張恒講道:“太行,王屋二山,方七百里,高萬仞,本在冀州之南,河陽之北。
北山有一位叫愚公的人,年紀將近九十歲,面對著山居住,一直覺得出行不便,想要將大山移開。
有人提出質疑:以你衰殘的年紀和剩下的力量,連山上的草木都不能損壞,又能把這兩座大山上的土石怎么樣呢?
愚公回答:子生子,孫生孫,子子孫孫無窮無盡,什么山挖不平?
后來,愚公果然付之行動,一年四季,不停勞作,勢必要將兩座大山搬開。
天帝聽聞此事,也被愚公的堅持所感動,派遣了兩位天神,幫愚公移開了大山。”
說到這里,張恒看向眾人:“你們有什么感悟嗎?”
有人答道:“真人是說,貴在堅持,要我們在修道之路上安下心來,日后必有一番收獲?”
又有人道:“真人是說,選擇很重要,只要選對了路,才能得償所愿。”
張恒搖頭:“我是說上面有人很重要,愚公要是認識能搬山倒海的修行之人,兩座山早就移走了。”

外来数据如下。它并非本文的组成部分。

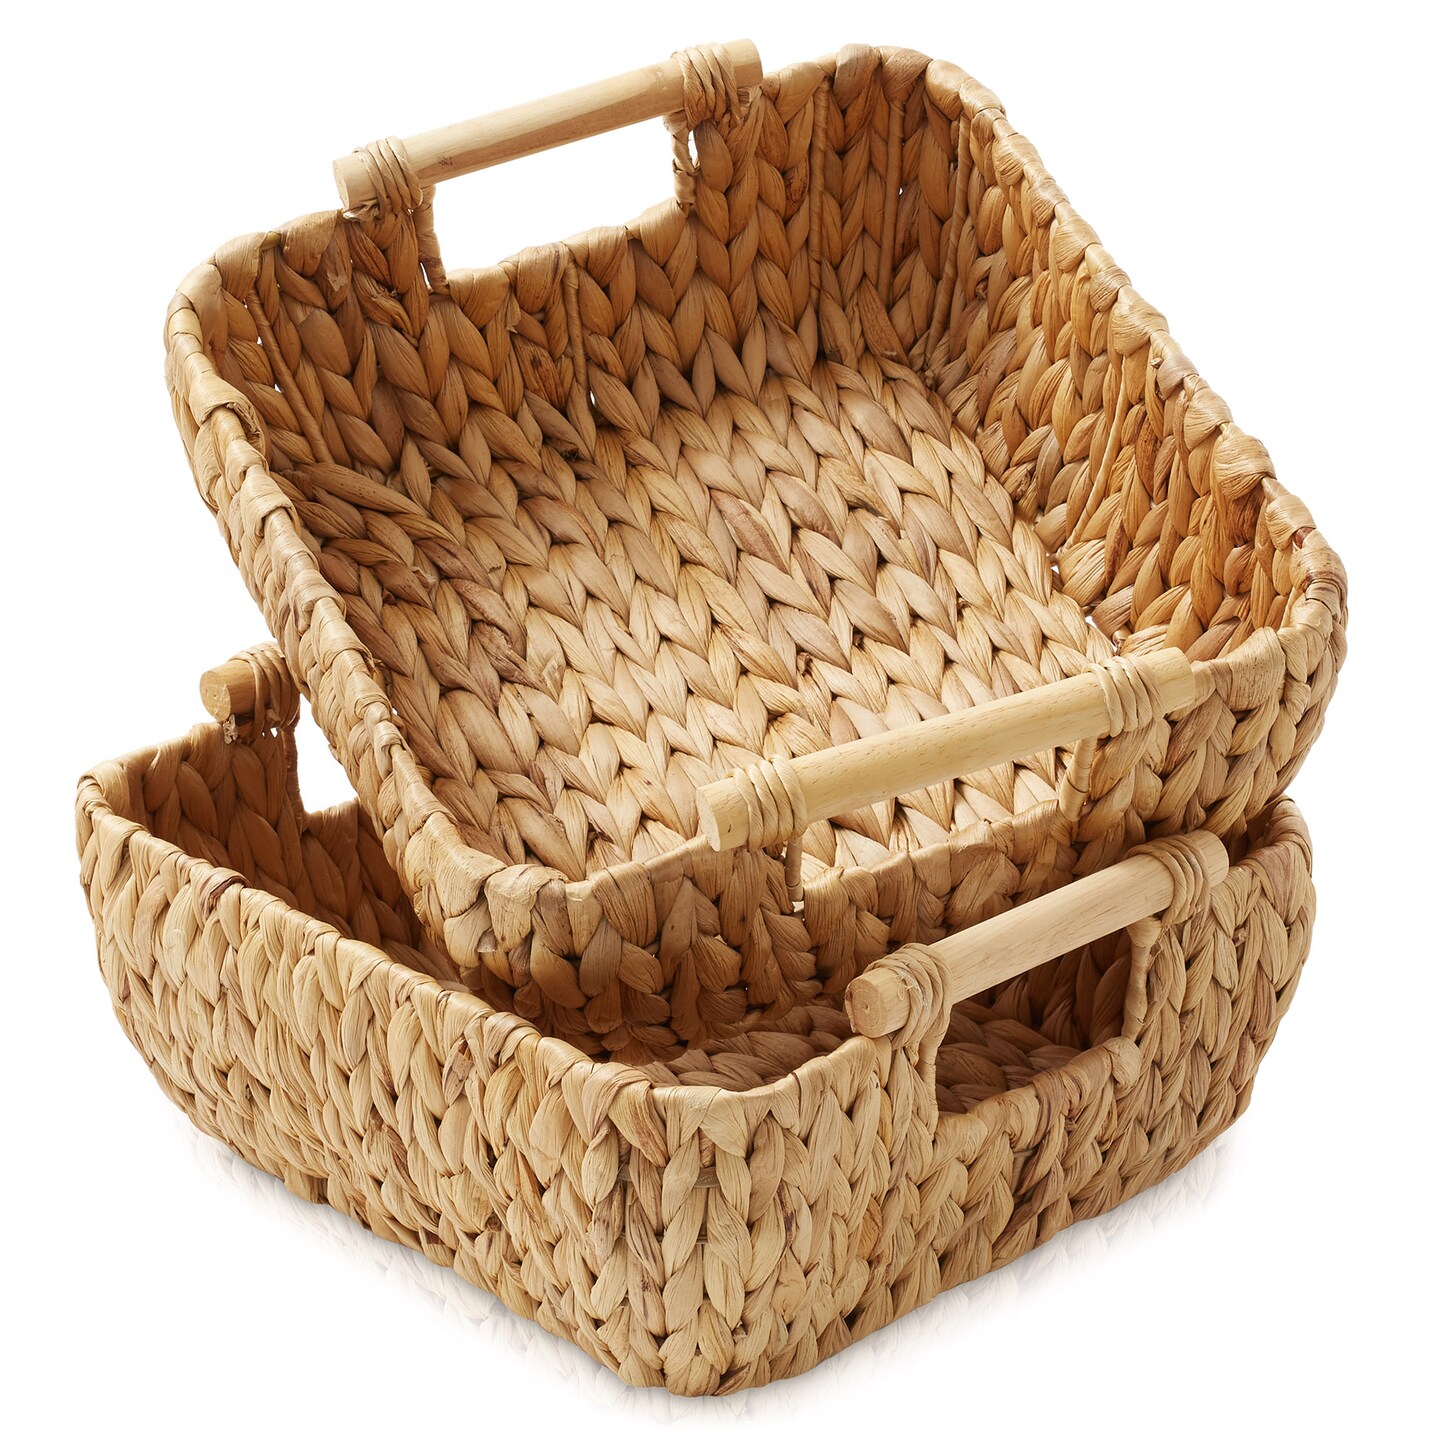 Casafield Set of 2 Water Hyacinth Oval Storage Baskets with Wooden Handles - Woven Bin Organizers

“你們也是一樣,恒真道是個大家庭,你們要共同守護它。”
“日后,若是有人修道有成,不可忘記自己的出身,一定要多多幫扶。”
“宗門好,你們就好,等什么時候,恒真道內出了十幾名天仙祖師了,上碧落,下黃泉,都不是無根之萍。”
“反之,若你是那位天仙祖師,后輩中人才輩出,也能為你們緩解壓力。”
“天上地下,其實都是一樣,很多神仙都是人修的,有人的地方有紛爭,有仙的地方又如何能夠避免。”
“一家人,就要相互幫助,不要說兩家話,這樣大家才能更好。”
“至于競爭,也要良性競爭,不要惡性競爭,不然,吃虧的是你們。”
“我話已至此,信不信就看你們自己了,未來的路還長,恒真道遲早是你們的。”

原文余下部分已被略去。